Fuente del Texto: "Tutankhamón, el último hijo del Sol" de Nacho Ares Regueras, editorial Oberon.


Señores :

Si la memoria no me es infiel, la última vez que tuve el honor de dirigirles la palabra acerca de la tumba de Tut-ankh-Amen y de sus contenidos, les indiqué hasta donde habían llegado nuestras exploraciones, o sea hasta el gran sarcófago de cuarzo; les relaté cómo levantamos la tapa, cómo apartamos las envolturas y mortajas y pusimos al descubierto el ataúd del rey.

En realidad solo pude mostrarles entonces la escalera de entrada, el pasaje subterráneo descendiendo en rápido declive, la Antecámara y sus tesoros, la Cámara Mortuoria con sus doradas arcas resguardando el magnífico sarcófago, y , al dirigir nuestras miradas hacia el contenido de éste, el ataúd exterior recubierto de oro, afectando la forma de una estatua yacente del joven rey, simbolizando Osiris, o bien -a juzgar por su mirada contemplativa, exenta de todo temor- la confiada esperanza de los antiguos en la inmortalidad.

   Me propongo, por lo tanto, a dar comienzo a esta conferencia, retrotraernos a aquel mismo momento y esforzarme en referirles todo cuanto nos han revelado  nuestras subsiguientes investigaciones acerca de tan magnífica sepultura.

    Al emprender de nuevo nuestra labor, la tarea que se presentaba ante nosotros, siguiendo una concatenación científica, consistía, en primer lugar, en extraer la serie de ataúdes encerrada dentro del sarcófago; en abrir y examinar cada uno de ellos y, finalmente, en proceder a un examen detenido de la momia real. Tal empresa nos exigió muy cerca de ocho meses, o sea, hasta finales de mayo de 1926.

    Las cajas mortuorias que encerraban la momia del rey eran tres en total, colocadas una dentro de otra. Comprendían: en primer lugar, un ataúd exterior hecho de madera de roble y recubierto con una delgada chapa de oro; luego, un segundo ataúd, igualmente de roble, recubierto asimismo de oro y suntuosamente incrustado con cristal policromado: y finalmente, un tercer ataúd interior, de oro macizo, delicadamente cincelado y adornado con ese trabajo de orfebrería que los esmaltadores llaman "cloisonné".

   Ahora bien: en los trabajos arqueológicos ocurre casi siempre lo contrario de lo que uno espera. El extraer y abrir esas calas primorosas, sin estropearlas, resultó ser un trabajo muy complicado. En cuanto al proceso que hubimos de seguir para examinar con el debido detenimiento la momia real, lo menos que de ello puede decirse es que fue sumamente desagradable.

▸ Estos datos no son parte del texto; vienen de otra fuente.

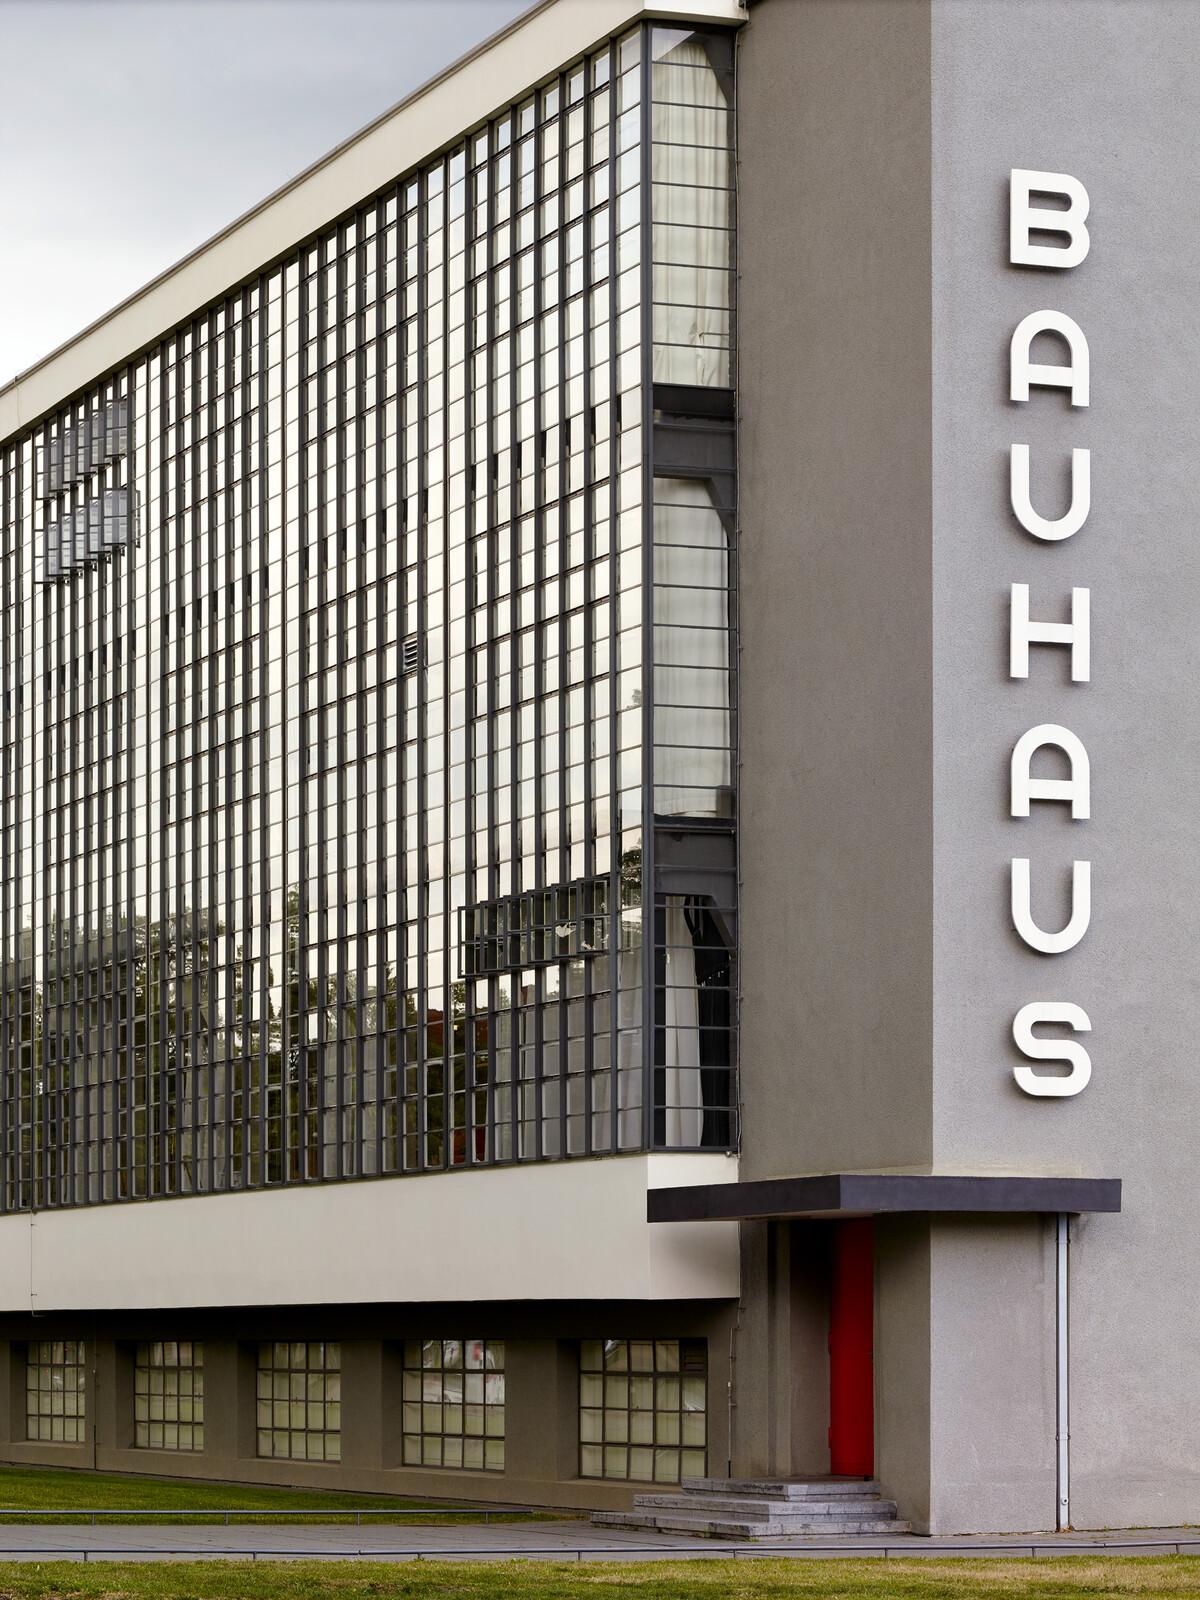 Bauhaus - Horst & Daniel  Zielske

   Basándonos en la apariencia exterior del ataúd externo de Tut-ankh-Amen y en el mal estado de conservación de las momias reales descubiertas anteriormente, y que hoy se hallan en el Museo de El Cairo, esperábamos lógicamente que los despojos de este rey, al que nadie había tocado durante tantos siglos, se encontrarían en condiciones  casi perfectas. Desgraciadamente, no fue así. A pesar de hallarse encerrado en tres cajas mortuorias perfectamente ajustadas una dentro de la otra, y la más interna hecha de oro macizo: a pesar  de las pruebas manifiestas de que la momificación se había llevado a cabo con el mayor cuidado: de estar  envuelto en masas de sudarios  sutilísimos de tejido fino como la telaraña: y de haber sido enteramente cubierto con toda clase de ornamentos y amuletos, fue, desgraciadamente, la misma costumbre del último rito funerario  lo que causo casi su destrucción. En el curso de  esos últimos ritos funerales habíase vertido sobre la momia  una cantidad considerable  de ungüentos sagrados, manifiestamente con fines religiosos ó significado piadoso. El rito funeral de los egipcios era, en efecto, lleno de simbolismo. El recuerdo del cuerpo de Osiris untado por los dioses había de conferir a la ceremonia todo el peso de la tradición religiosa.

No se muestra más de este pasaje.